We apply similar thinking to the promises we’re willing to make to our clients and partners. If we can’t field the best possible team to try and tackle an initiative, we would rather pass on a project than bring anything other than our best.
Many exciting opportunities have unfortunately passed us by. But following these rules makes sure we keep our for-profit social-enterprise in line with our original values and goals. We have all seen firms grow to a size where they need to “feed the beast,” eventually having to take on undesirable projects in order to sustain the desired rate of growth. So we manage our pace closely, even as we grow ambitiously, to mitigate the risk of having to take on work that doesn’t align with our values.

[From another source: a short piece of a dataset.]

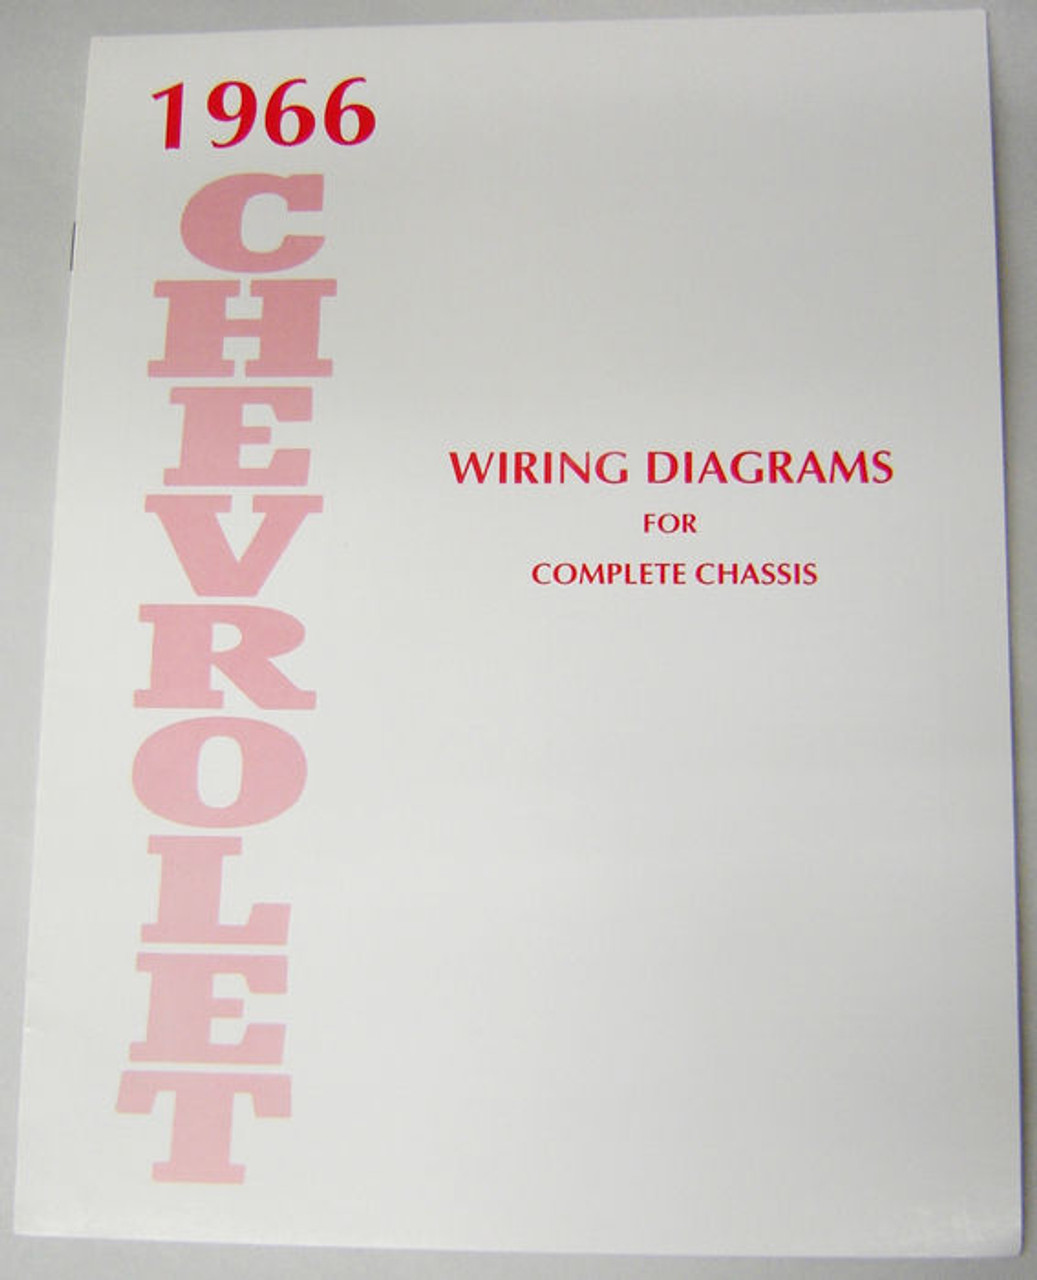 L1022_zpsjouiuker__97070.1443480941?c=2 66 1966 chevy impala electrical wiring diagram manual i 5 1966 chevy impala wiring diagram at edmiracle.co

As a people-first organization, we rely on an incredible team to solve tough challenges. We are unjustifiably lucky to have such brilliant, passionate staff dedicated to this work, and have seen time and again what factors are the most crucial to success. Skills and experiences matter, but we find that intangible qualities—psychographic, ethical, and personal—are often the factors that make or break a candidate’s ability to thrive in our environment. At the top of the list are humility and generosity.

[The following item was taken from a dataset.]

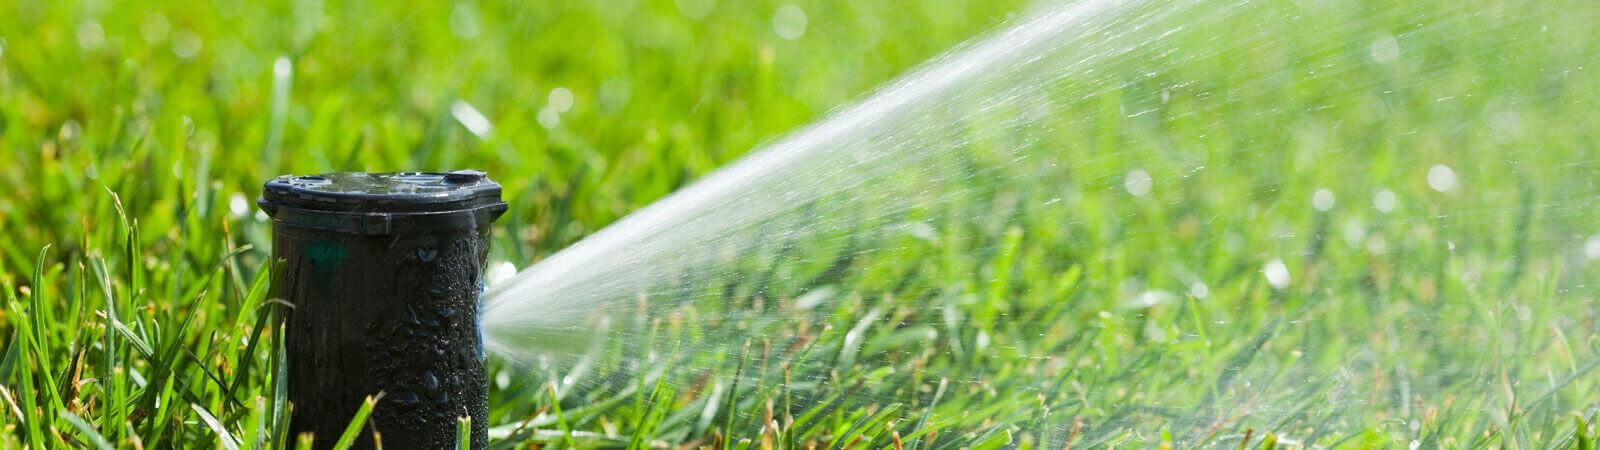 Diffuser watering lawn

Pursuing social change is challenging and rarely glamorous, especially as we eschew quick-fix solutions. Addressing corruption in a resource-poor, conflict-affected context, or advancing human rights and social cohesion in a newly democratic state—these things just don’t happen overnight. The work can be frustratingly slow. Maintaining humility, putting others before self, and putting in the effort even when the results may not be realized in our lifetime—that’s what it takes to do this work well.
We often get asked whether we’re a design firm, a management consultancy, or a social enterprise. But the best description we’ve found is: “Reboot is a social impact firm dedicated to inclusive development and accountable governance.”
While it’s honest, it’s a bit wordy, so we understand when our colleagues offer other labels. We’ve been called an “ICT4D firm,” an “open government shop,” and (our favorite) “a radical, anarchist collective for good governance” (this was from a client we deeply respect; we took it as a compliment).
The truth is that we very purposefully work in and draw practices from all of these fields and more, without subscribing to any single one. Our work is predicated on the idea that there is no single magic bullet that will solve social challenges rife with geographic and institutional politics. Identifying with a single field or school of thought is a kind of myopia.
We’ve adapted tools and approaches from various disciplines. While we have drawn perhaps most heavily from the practice of human-centered design, we recognize the limitations of traditional design practices, and our various projects have drawn in methodologies used in economics, public financial management, applied ethnography, journalism, and more. We don’t believe in blueprint approaches, or applying global “best practices” from one context to another. Because we take an ethnographic approach to research and participatory design, our analysis and interventions are uniquely tailored to the contexts in which we’re working.
We embed as deeply into our client and partner organizations as possible—an entryistic approach that has helped us address social issues at a scale and speed that would otherwise be highly challenging for an organization of our size. If we set out to build our own infrastructure and staff, our impact would be limited by the rate of our growth. Instead, we’ve been able to leverage the resources and minds of the world’s most influential organizations such as national governments, the World Bank, and the United Nations.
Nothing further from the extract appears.